Маркиз де Сад 3 страница



Госпожа де Франваль, прекрасно осознавая свою невинность, не знала, что и думать об этих приготовлениях. Удивление, смешанное с тревогой, не давали ей ни на мгновение перевести дух.

– Начнем, сударыня, – произнес Франваль, выкладывая на стол содержимое одного из отделений бумажника, – с вашей переписки с Вальмоном за последние полгода: не обвиняйте этого молодого человека в неосторожности или нескромности. Он, несомненно, слишком честен, чтобы до такой степени пренебречь вашей репутацией. Но один из его слуг ловко воспользовался его невнимательностью и тайком добыл мне эти драгоценные памятники вашего безупречного поведения и вашей хваленой нравственности, – продолжал Франваль, торопливо перебирая бумаги, раскиданные им по столу. – Полагаю, вы сочтете уместным, что среди всего этого обычного пустословия женщины, увлеченной весьма приятным мужчиной, я отберу одно письмо, показавшееся мне вольней и решительней других... Вот оно, сударыня:

 

«Мой постылый супруг сегодня вечером ужинает в своем загородном домике с этой ужасной тварью; невыносимо представить, что я произвела ее на свет! Придите, дорогой мой, утешьте меня в печали, что доставляют мне эти два чудовища... Что я говорю? Разве они сейчас не оказывают мне неоценимую услугу? Ведь их интрижка не позволит моему мужу обнаружить наши отношения. Так что пусть он, сколько его душе угодно, укрепляет свою связь. Но пусть не вздумает пытаться разорвать узы, связывающие меня с единственным в мире мужчиной, которого я по-настоящему обожаю».

 

– Что скажете, сударыня?

– То, сударь, что я в восхищении, – ответила госпожа де Франваль. – С каждым днем вы заслуживаете все больших похвал. И, кроме необыкновенных достоинств, что я видела в вас до сегодняшнего дня, признаюсь, я еще не знала за вами способностей подделывателя и клеветника.
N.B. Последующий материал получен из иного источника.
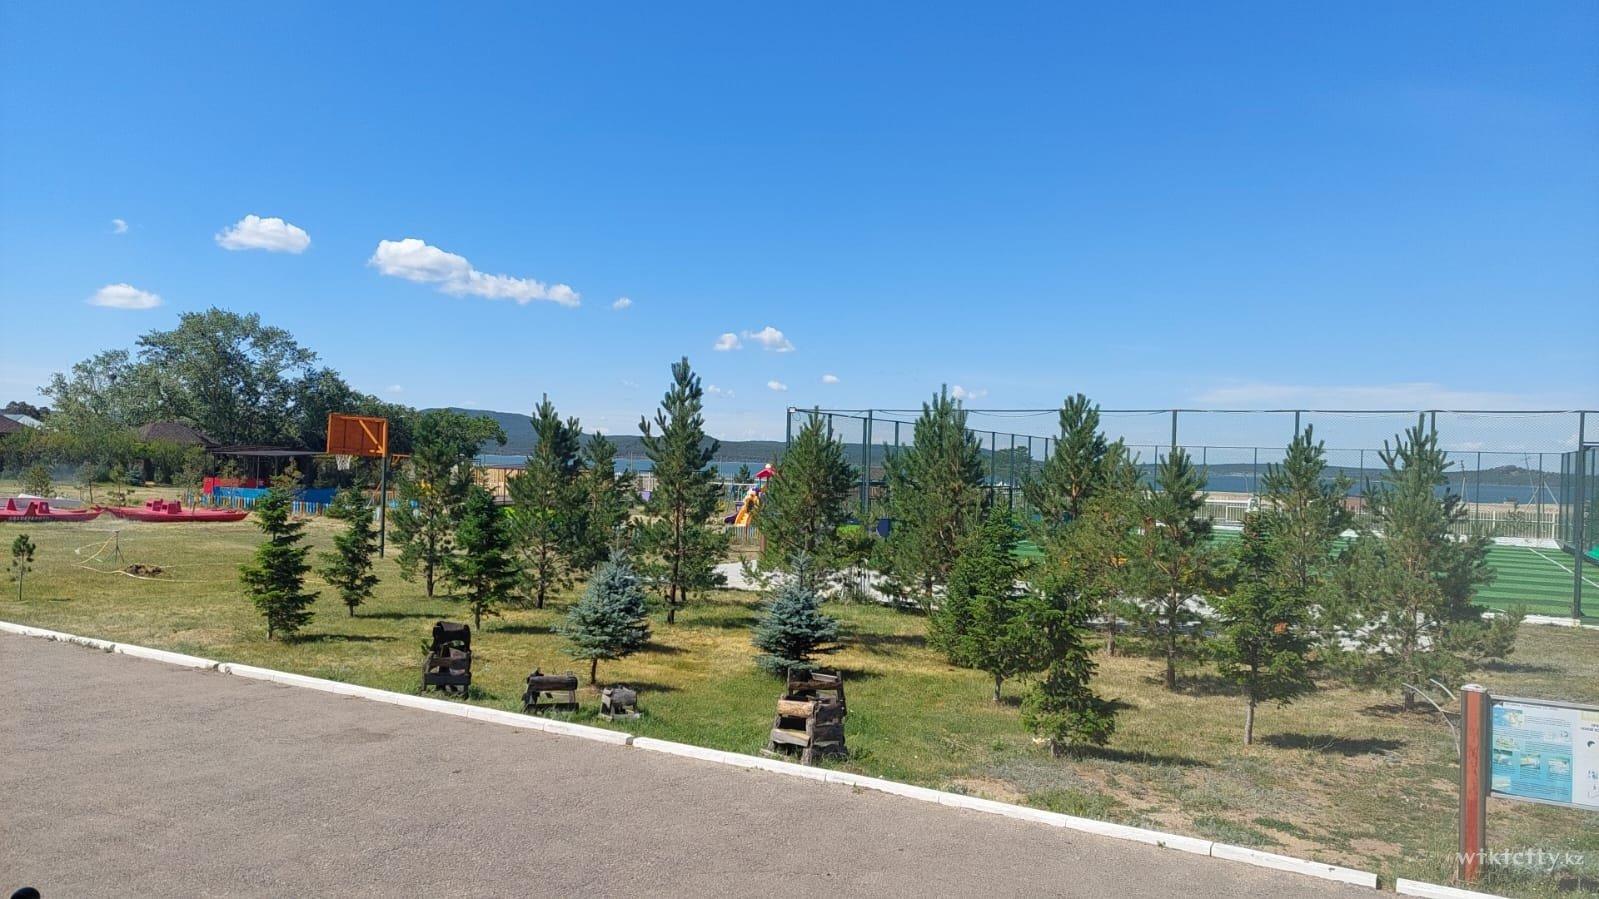 Фото Zerendi park детский лагерь - Astana. озеро как на ладони
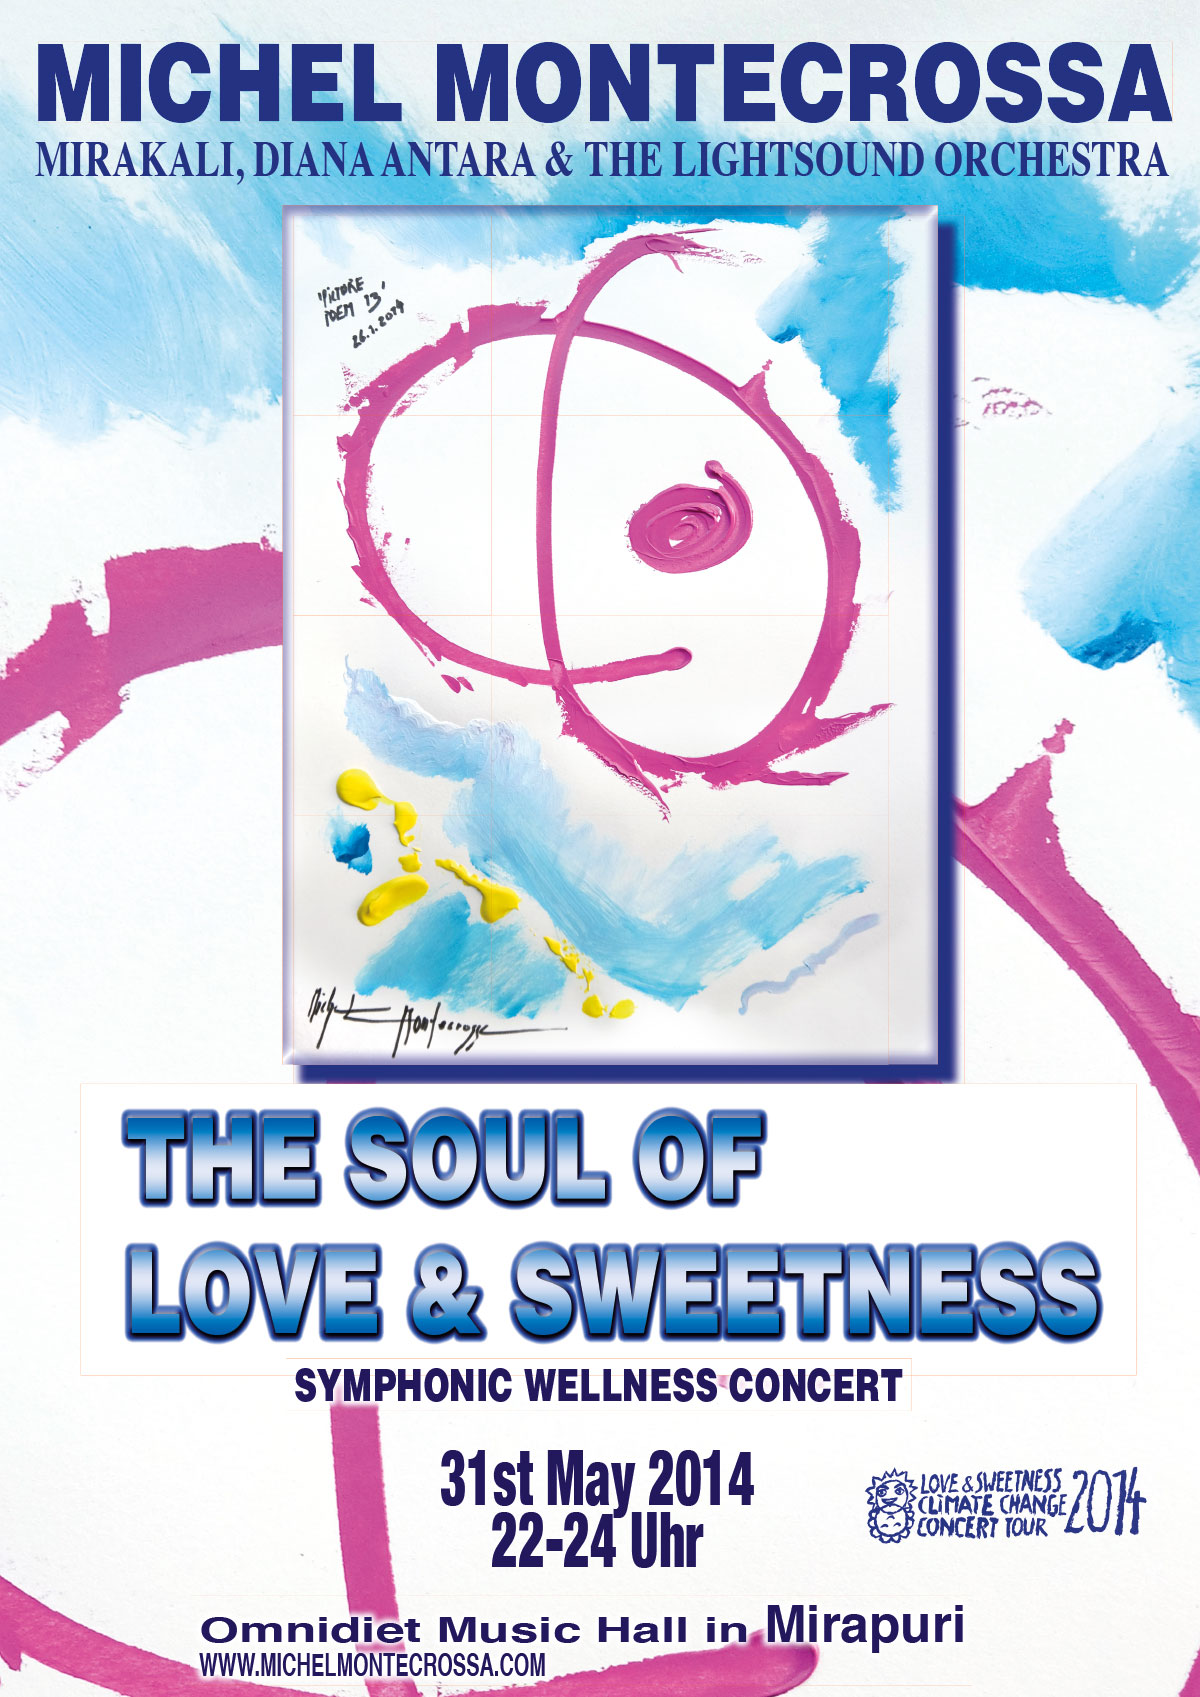 The Soul Of Love & Sweetness Symphonic Wellness Concert

– А, так вы все отрицаете?

– Отнюдь. Напротив, я жажду быть уличенной. Назначим судей, экспертов. И попросим, если вы этого действительно желаете, самой суровой кары для того из двоих, кто окажется виновным.

– Вот что называется идти до конца. Что ж, это, по крайней мере, лучше, чем скорбь и уныние, однако продолжим. То, что у вас есть смазливый любовник и постылый супруг, сударыня, – проговорил Франваль, вытряхивая другое отделение бумажника, – все это просто и ясно. Но то, что в вашем возрасте вы содержите этого любовника за мой счет, это уж, позвольте заметить вам, не так просто. Тем не менее, вот бумаги на сто с лишним тысяч экю, уплаченные вами и выписанные вашей рукой в пользу Вальмона. Соизвольте взглянуть на них, прошу вас, – добавил злодей, показывая госпоже де Франваль бумаги, не давая, впрочем, ей в руки:

 

«Заиду, ювелиру.

 

Настоящий счет на сумму двадцать две тысячи ливров выписан на господина де Вальмона по доверенности и согласованию с ним.

Фарней де Франваль».

 

«Жаме, торговцу лошадьми, шесть тысяч ливров... »

 

Франваль прервал чтение:

– Та самая буро-гнедая упряжка, что услаждает сегодня Вальмона и вызывает восхищение всего Парижа... Да, сударыня, а вот еще на триста тысяч двести восемьдесят три ливра десять су, из них вы должны еще более трети, остальное вы уже добросовестно оплатили. Ну что, этого достаточно, сударыня?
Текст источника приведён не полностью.